Based on the DFT-calculated band structures, I established a 10-band k.p Hamiltonian for hexagonal semiconductors. This extends the basis of states included in the conventional 8-band Hamiltonian for wurtzite semiconductors via inclusion of the "pseudo-direct" conduction band, which originates via back-folding of the L-point CB minimum from the conventional cubic (diamond or zinc blende) phase, giving rise to a direct fundamental band gap in Ge and GaP. Parametrisation procedure directly from DFT calculations reproduces the optical matrix elements and selection rules predicted by DFT calculations. This procedure has been applied to several III-V semiconductors, providing k.p parameters suitable for computationally inexpensive analysis of their electronic and optical properties.
I have implemented predictive calculations of spontaneous emission spectra and the radiative recombination coefficient B. Application to lonsdaleite Ge has produced new insights into the nature of direct-gap optical emission, which has driven a recent rapid growth of research interest in this emerging material system. Calculated spontaneous emission corroborates experiment, showing that the observed optical emission from lonsdaleite Ge is associated with a direct fundamental band gap. Prediction of the dependence of the spontaneous emission on carrier density explains recent experimental data pertaining to stimulated emission being associated with a second, higher-energy emission peak. Achieving stimulated emission is a key step towards demonstration of laser action. My calculations provide quantitative understanding of the observed optical emission. Calculated B coefficient for lonsdaleite Ge is approximately three orders of magnitude lower than that inferred based on initial analysis. This demonstrates that the assumption of purely radiative recombination in lonsdaleite Ge nanowires is unlikely, suggesting that non-radiative recombination plays a significant role. I showed that application of strain to lonsdaleite Ge can enhance the B coefficient by over two orders of magnitude, which promises efficient mid-infrared emission. Application of this calculational approach to III-V semiconductors allowed comparative analysis of light emission in zinc blende vs. wurtzite semiconductors, quantifying differences in radiative recombination between crystal phases.

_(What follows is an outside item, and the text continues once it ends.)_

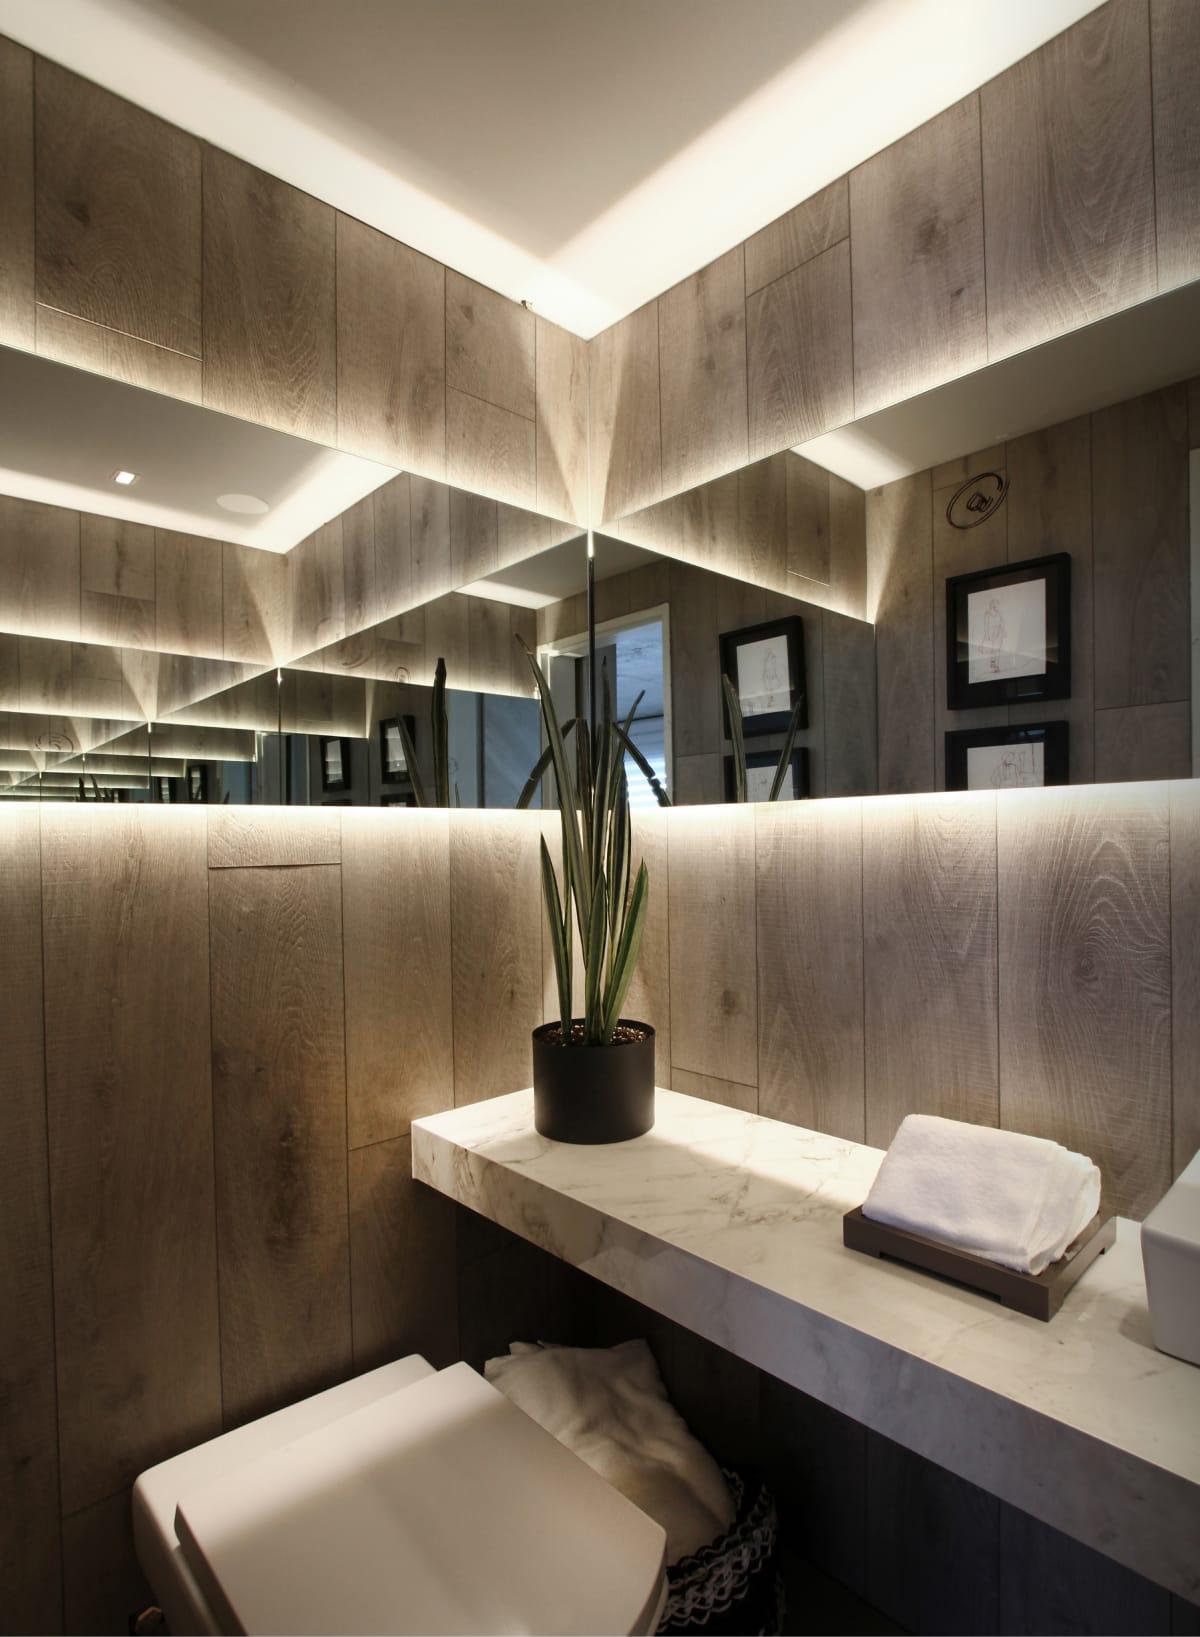 Los espejos en esquina e iluminación para crear un efecto escenográfico en el toilette.

I established DFT calculations for crystal phase heterostructures, a class of quantum-confined heterostructures formed by varying the crystal structure in a single material. Quantum confinement is generated by changes in the electronic structure between the different crystal phases. For several III-V materials, crystal phase heterostructures have been predicted to possess type-II band offsets, spatially separating electrons and holes and reducing the radiative recombination rate. My calculations for Ge confirm the presence of type-I band offsets, with electrons and holes having high spatial overlap and a radiative recombination rate that can be up to an order of magnitude larger than in unstrained bulk lonsdaleite Ge. This identifies nanostructuring via crystal phase engineering as an interesting route for the development of Si-compatible light-emitting materials.